Meet the MasterMinds: Don Peppers
and Martha Rogers on the Real Value of Customer Relationships
Business strategists Don Peppers and
Martha Rogers are founders of the Peppers & Rogers Group
and coauthors of seven books, including Managing
Customer Relationships, The
One to One Future, and Enterprise
One to One.
Their book, Return
on Customer: Creating Maximum Value from Your Scarcest Resource,
presents a new way to measure the long- and short-term value
created by a company’s most important asset—its
customers.
McLaughlin: What is "Return on Customer?"
Peppers: We define Return on Customer
in terms of the total value created by a customer.
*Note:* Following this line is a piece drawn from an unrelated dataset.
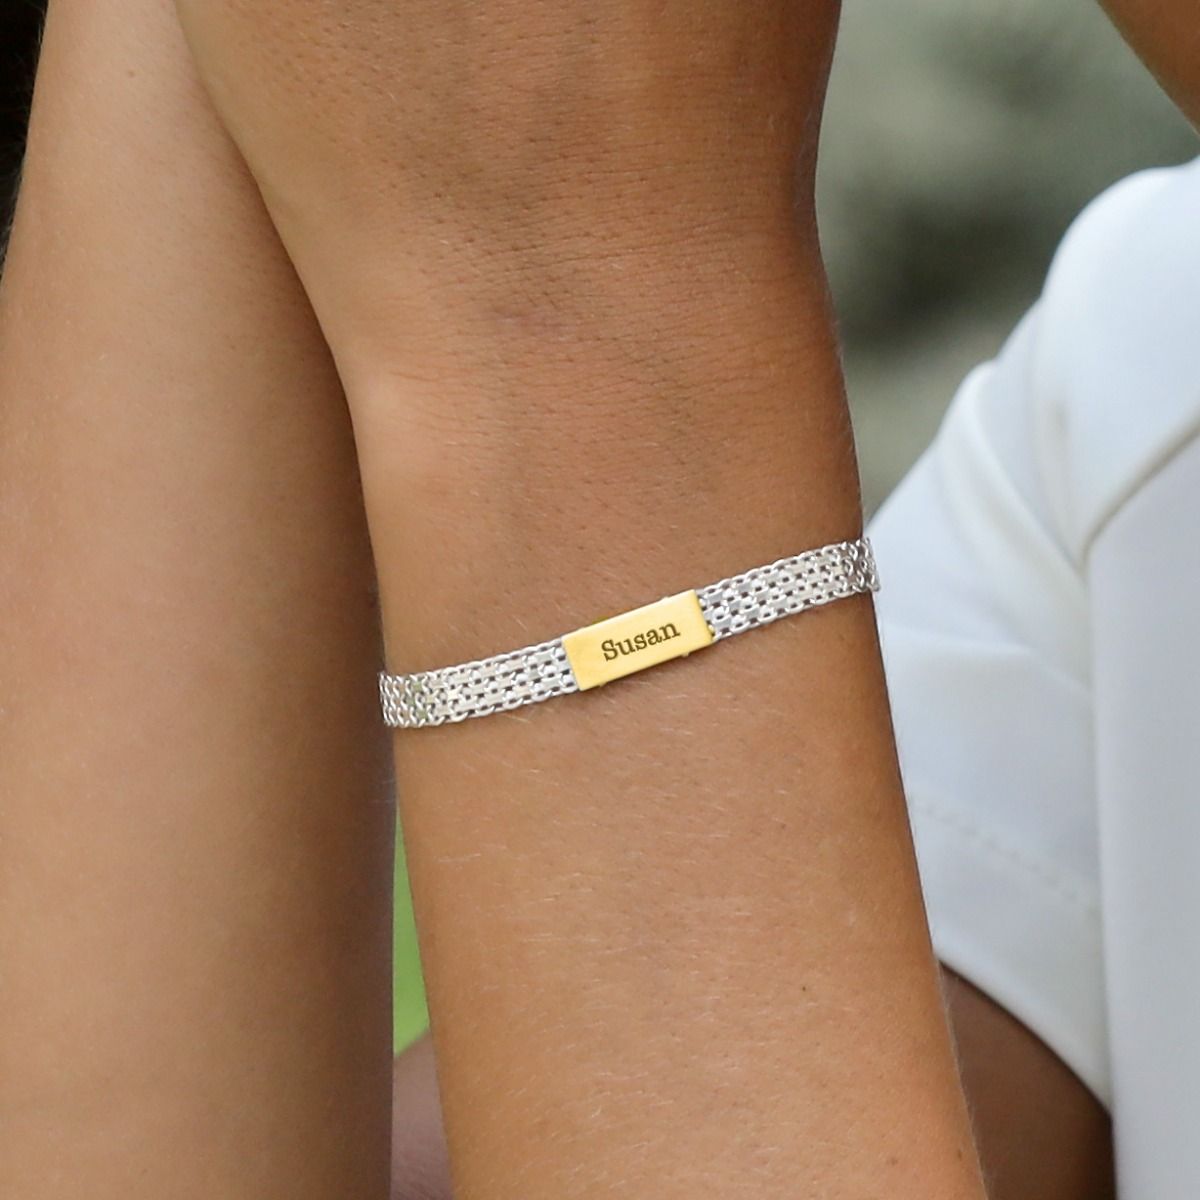 MIA - delicate custom engraved bracelet - by Judith & Jules
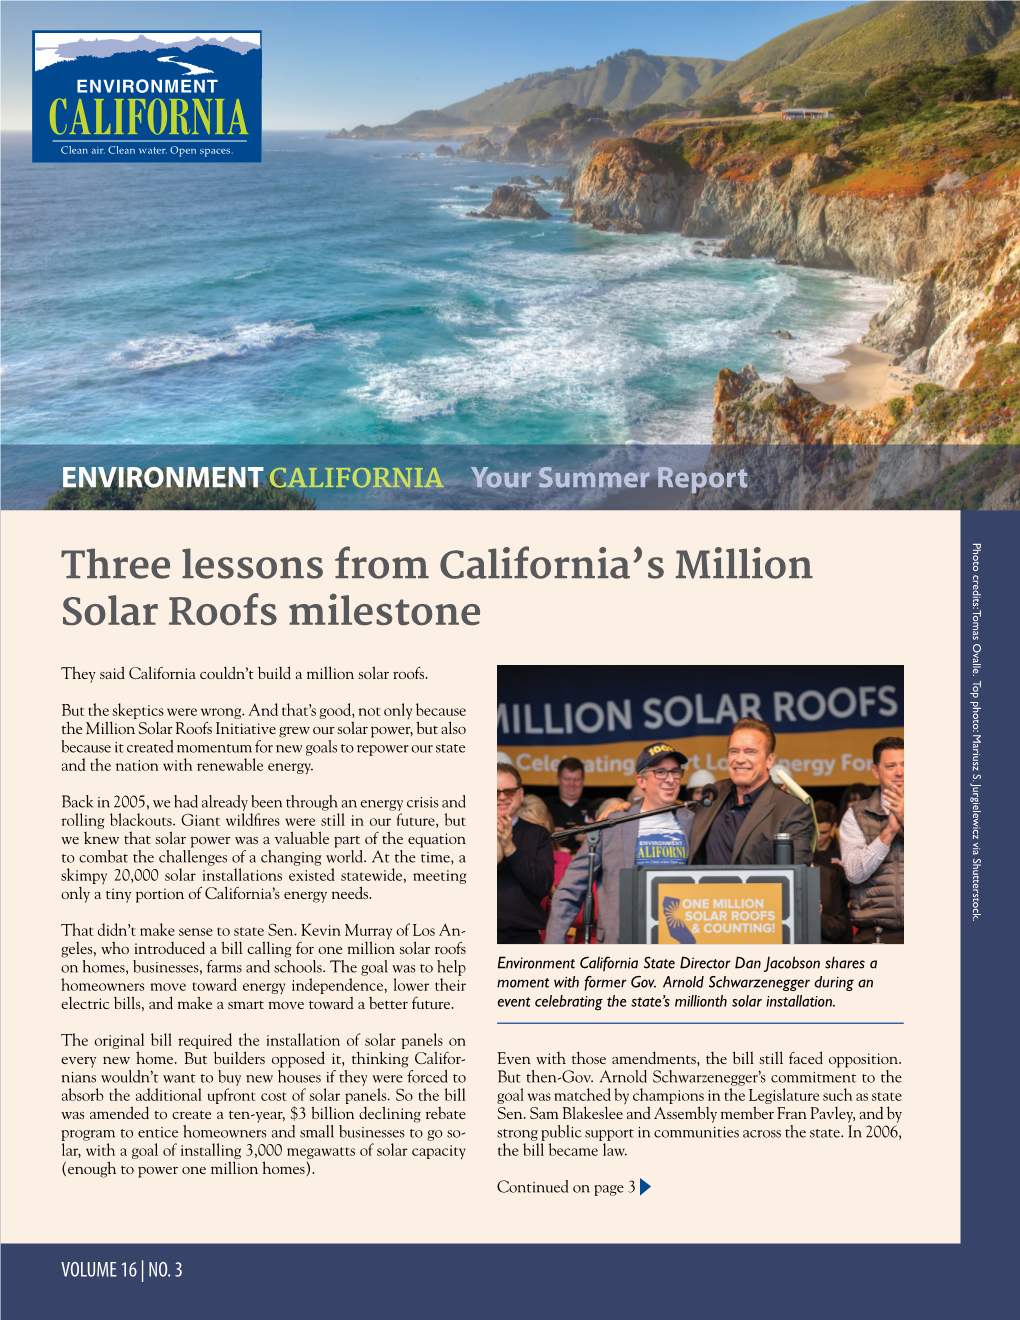 Three Lessons from California's Million Solar Roofs Milestone

Start
with the sales you generate from a customer in the current
period, and add any increase or decrease in the customer’s
lifetime value during the period. Then, divide that total
by the customer’s lifetime value at the beginning
of the period. This is just like ROI, but we’re talking
about customers rather than capital.
If you treat customers really well and their lifetime
value goes up, that action creates value for your company,
even though you don’t collect cash for that until
sometime in the future. |
We know that a customer’s lifetime value can change
today as a result of today’s actions. If you treat
customers really well and their lifetime value goes up,
that action creates value for your company, even though
you don’t collect cash for that until sometime in
the future.
But just because you don’t collect the cash until
later doesn’t mean you haven’t created value
today. If your CEO announced today that you expect higher
earnings two years from now, your stock would go up today.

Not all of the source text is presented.